Cost Management and Profitability

In a testament to its operational prowess, the company implemented rigorous cost control measures culminating in a 25% year-over-year reduction in operating expenses. This discipline has skyrocketed LPS Brasil to an impressive EBITDA margin of 38.1%—one of the top three highest quarterly margins since 2014. The company’s consolidated net income, before the effects of International Financial Reporting Standards (IFRS), reached BRL 10.6 million in the quarter, up by a notable 108% compared to the same period in 2022. Their continued expansion has seen them break new ground with a presence in all 26 Brazilian states and the federal district, consolidating their national presence.

Operational Highlights and Franchising Success

Transaction volume reached new heights with transactions closed at BRL 2.7 billion in the quarter, and franchise operations closing BRL 1.6 billion, a 22% increase from the third quarter of 2022. Although own operations closed at BRL 1 billion, down by 16%, this was offset by the company's successful franchising strategy and consistent enhancements in its portal and blog, which combined, generated a historical high of over 54,000 leads. The substantial reach of 195 stores—178 franchised and 17 owned—illustrates the company's scalable business model and strategic expansion.

CrediPronto’s Adaptation to Market Dynamics

CrediPronto navigated stringent credit conditions posed by the banking sector, facing a 36% drop in originations for the quarter compared to the third quarter of 2022. Despite the credit squeeze, CrediPronto still managed growth with a year-on-year increase of more than BRL 1 billion in the portfolio. The results were bolstered by deliberate cost reductions exceeding BRL 3 million, showcasing operational efficiencies that hint at future potential.

Financial Results and Efficiency Milestones

LPS Brasil’s financial figures reflect a mix of contraction and performance enhancement. Net revenue was down 5% year-over-year to BRL 44.8 million. The intermediation, franchise, and CrediPronto segments saw declines in net revenue, but this was paralleled by a noteworthy 25% drop in total recurring costs and expenses. The efficiency achieved is remarkable—LPS Brasil now operates with a workforce nearly a fourth of its 2012 size, yet it is transacting BRL 37 million per employee, the highest efficiency point in its history.

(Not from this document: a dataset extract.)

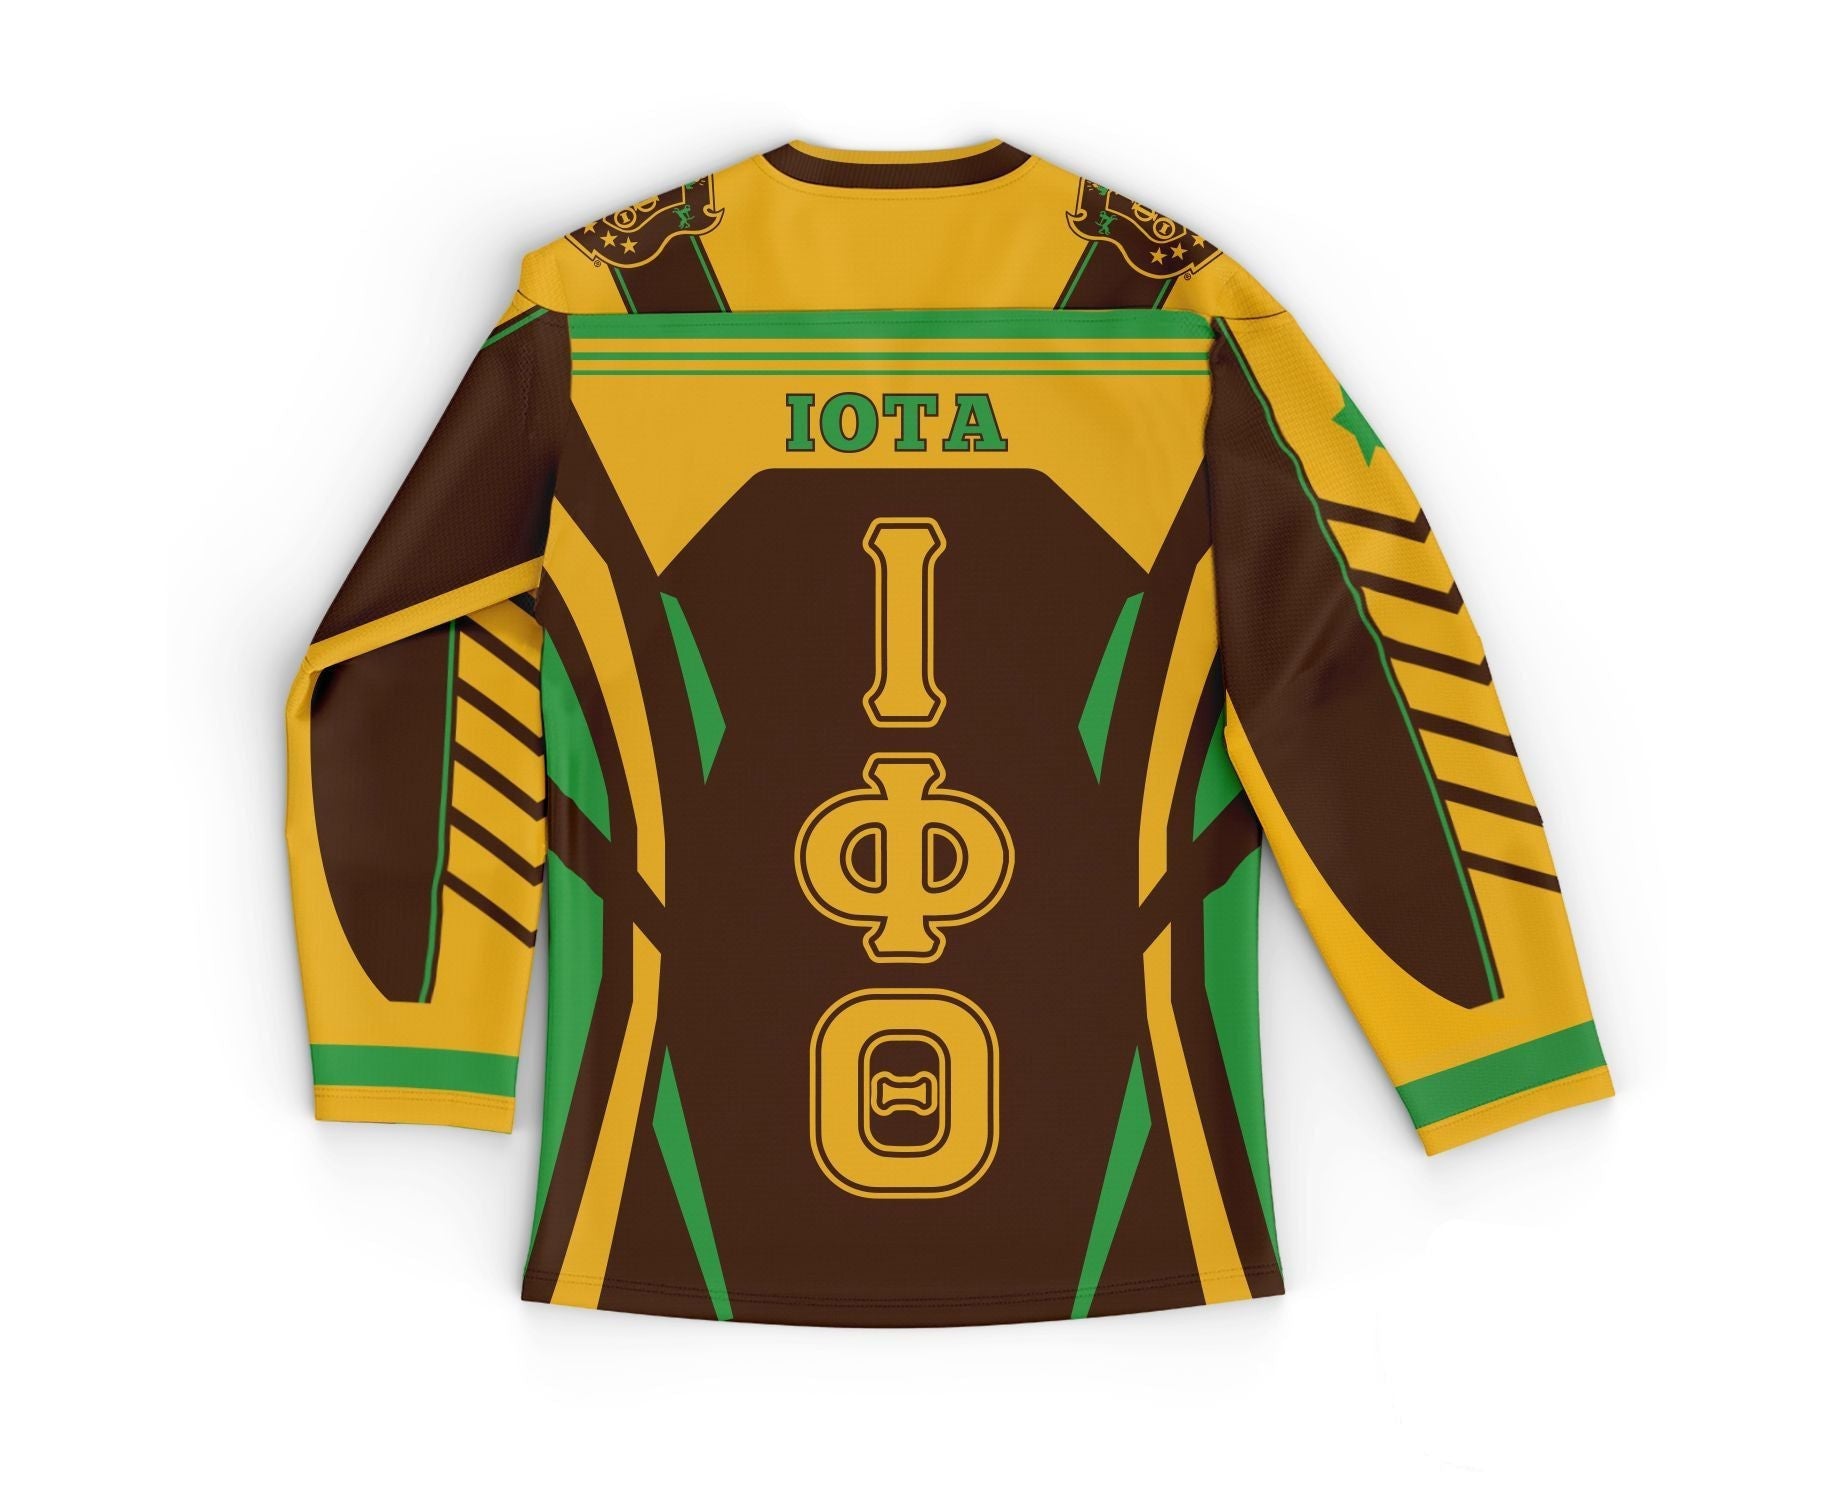 Fraternity Hockey Jersey - Iota Phi Theta Armor Hockey Jersey

Strategic Transformation and Progress

Over a 15-year trajectory viewed through the EBITDA margin, LPS Brasil has rebounded from the negative margins experienced during the 2014-18 real estate market crisis. This recovery stems from a strategic pivot towards an asset-light business model focusing on franchising and the growth of CrediPronto. They have stabilized EBITDA margins between 27% and 35% post-2019, edging closer to historic levels with the latest quarter reaching a 38% EBITDA margin.

Segment Performance and Outlook

Breaking down the financials by segment, the intermediation reported an 8.1% margin, franchise a robust 48%, and CrediPronto a high 44.9%. The total gross revenue was BRL 49.6 million, producing a net income before IFRS effects of BRL 12.2 million. After adjustments for minority interests, controlling shareholders enjoyed a net income of BRL 10.6 million. Additionally, the quarter concluded with a healthy cash balance of BRL 56.1 million, an 11% increase over the previous quarter.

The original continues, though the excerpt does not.